Petrol pricing - the plain facts
- About 40% of the cost of an average tank of petrol is tax
- Petrol in Australia is among the cheapest in OECD countries. Pump prices in Australia follow the same trends as European and US retail petrol prices.
- The landed price of crude oil does not determine the retail price of petrol in Australia – rather, the price of petrol in Singapore forms the basis of the price of petrol in Australia. Pump prices closely follow international prices with a lag of one to two weeks.
- Pump price responses to international prices are symmetrical ie they are not "quick to rise and slow to fall", instead they are "slow to rise" and "slow to fall".
- Notional gross margins (the difference between pump prices and international prices) vary up and down with international price changes but these differences are not sustained over time.
- Retail prices do not respond exactly to international prices (MOPS95) on short time scales (up to several weeks).
- Price cycles are the outcomes of competitive tension between "discounters" typically driving prices down and "non-discounters" (or "price followers") typically driving prices up when discounting becomes unsustainable.
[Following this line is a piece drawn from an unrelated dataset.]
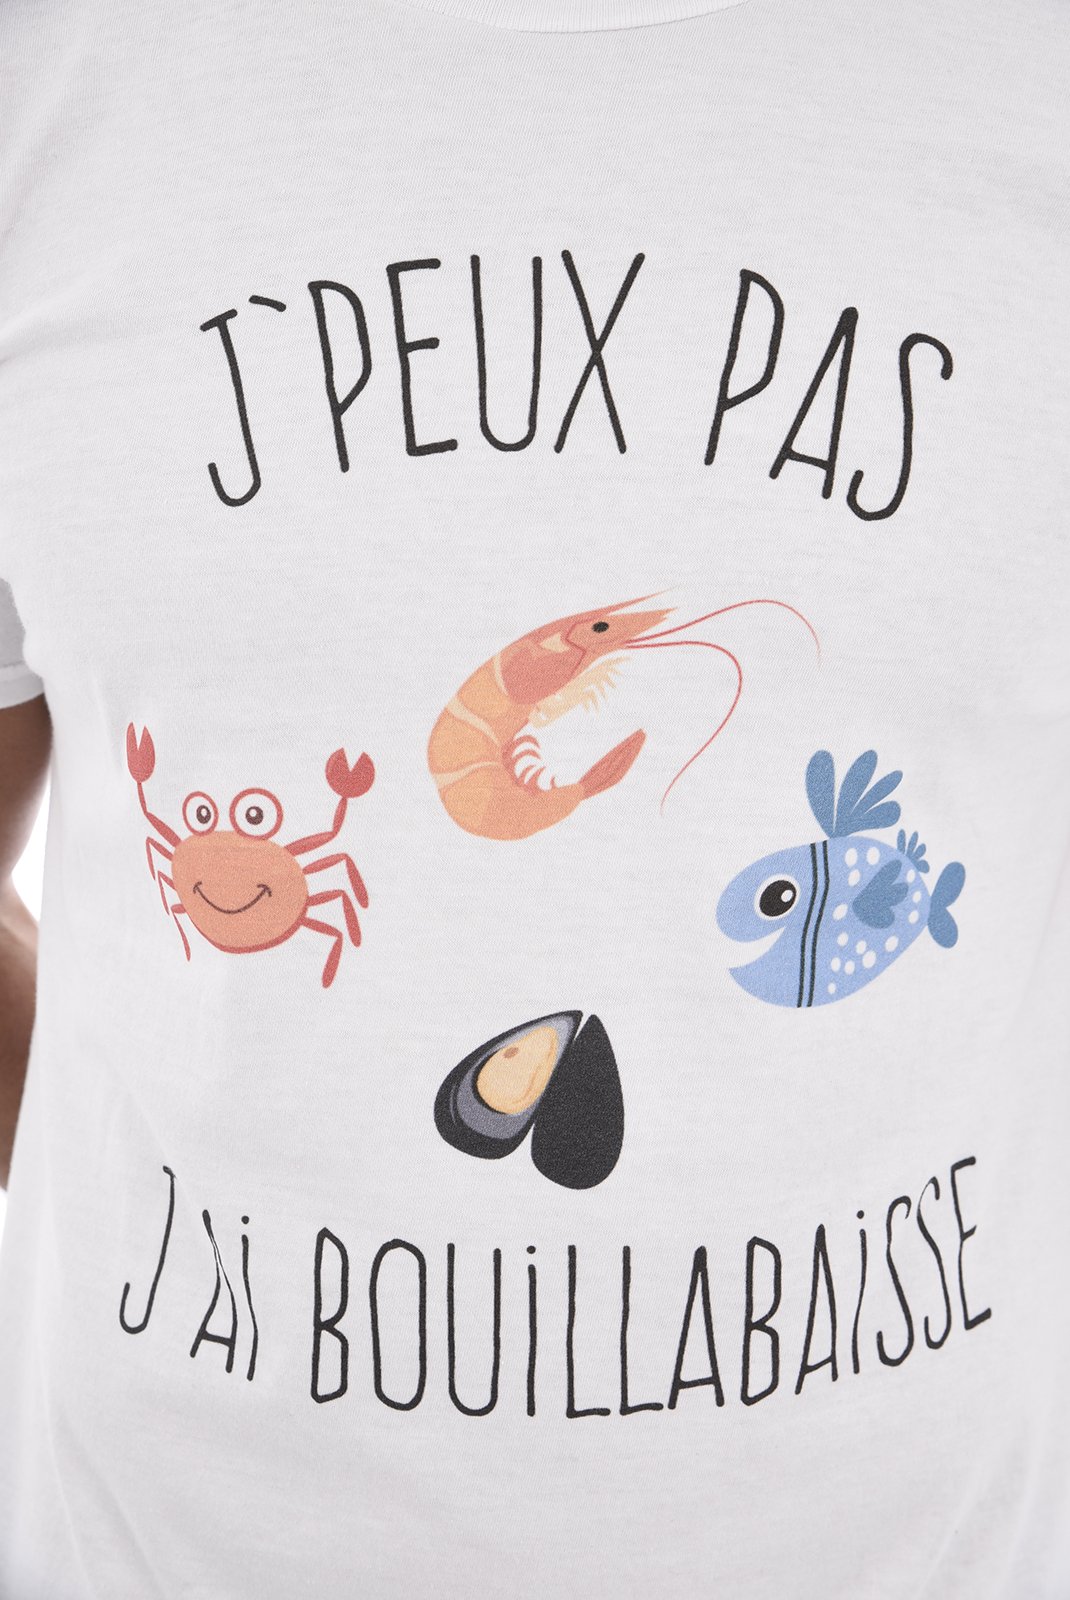 Tee-shirts  Les Tricolores J'PEUX PAS J'AI BOUILLABAISSE BLANC

- The supermarket alliances operate the largest number of service stations that are aggressive discounters. In most markets, non-major oil company brands play a minor role.
- Petrol prices don’t all increase at the same time and Caltex is not aware of any collusion in pricing – only fierce competition that benefits consumers.
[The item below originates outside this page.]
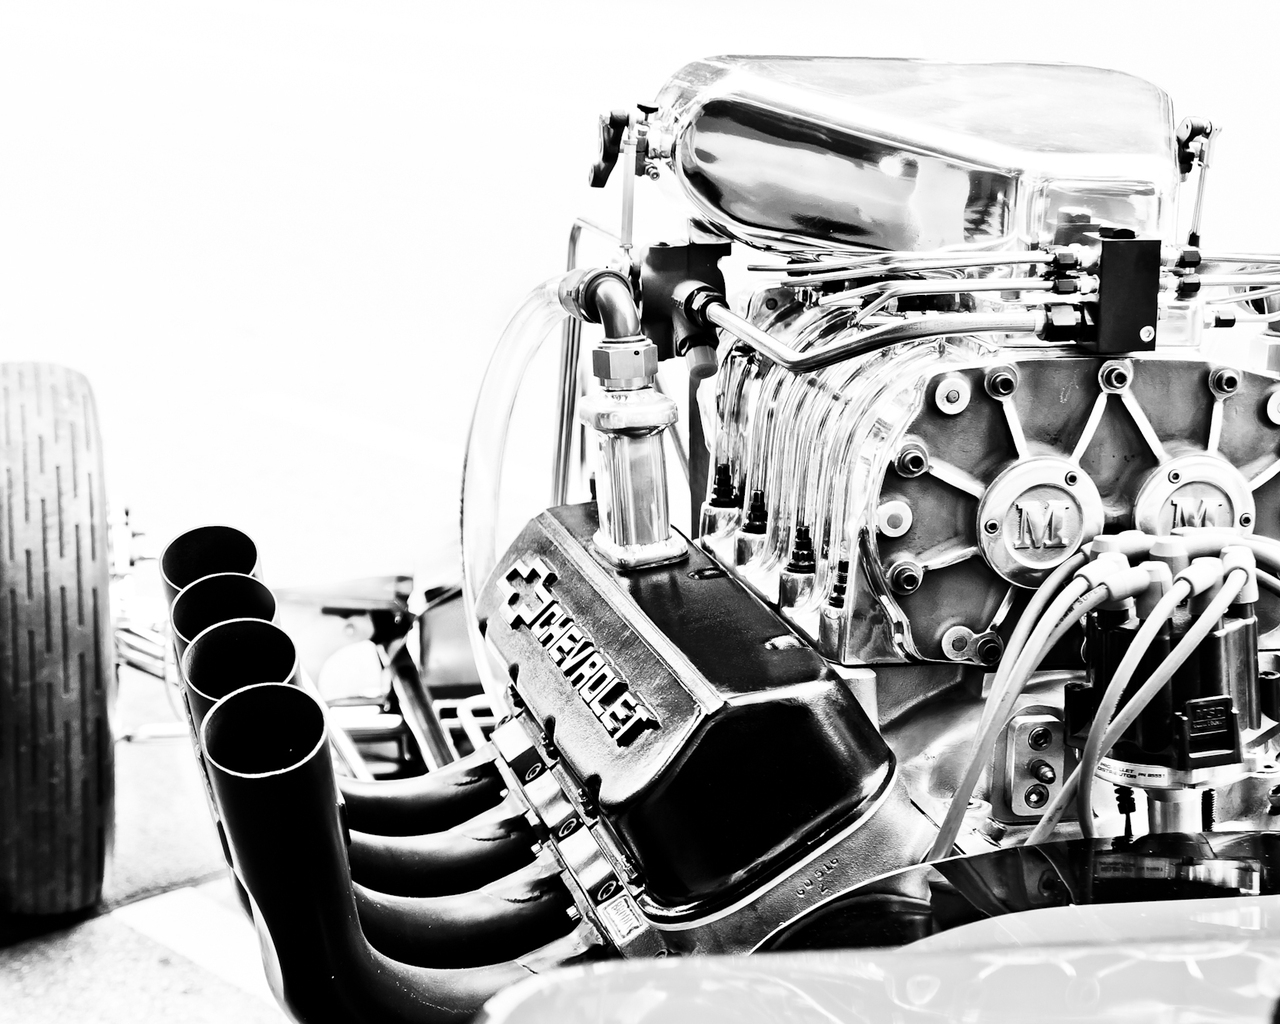 Chevrolet Corvette Engine for 1280 x 1024 resolution

- Daily petrol sales respond to price cycles, to the benefit of consumers. About 55% of petrol is sold on low-priced days of the week in the three east coast capital cities compared with high priced days.
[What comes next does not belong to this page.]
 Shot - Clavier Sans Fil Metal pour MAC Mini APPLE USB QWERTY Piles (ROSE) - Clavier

- 60 per cent or more of consumers take price into account when buying petrol, so benefit directly from price cycles.
- Prices in Brisbane, Adelaide, Melbourne and Sydney did not jump because of the Easter and Queen’s Birthday long weekends in 2006 and 2007.
About 40% of the cost of an average tank of petrol is tax
Excise is 38 cents per litre and GST is included in the total price.
Pump prices for petrol have increased by about 30 cents per litre since early 2005 – mostly due to higher crude oil prices. Australian petrol prices rise and fall in line with world prices. About 15% of our petrol is imported.
Because of strong competition, prices in larger cities are heavily discounted, typically on a weekly cycle. By watching the price cycle consumers can save by filling up when petrol is cheapest. Prices are higher in many country towns because there is less competition plus higher freight and distribution costs and lower service station sales volumes.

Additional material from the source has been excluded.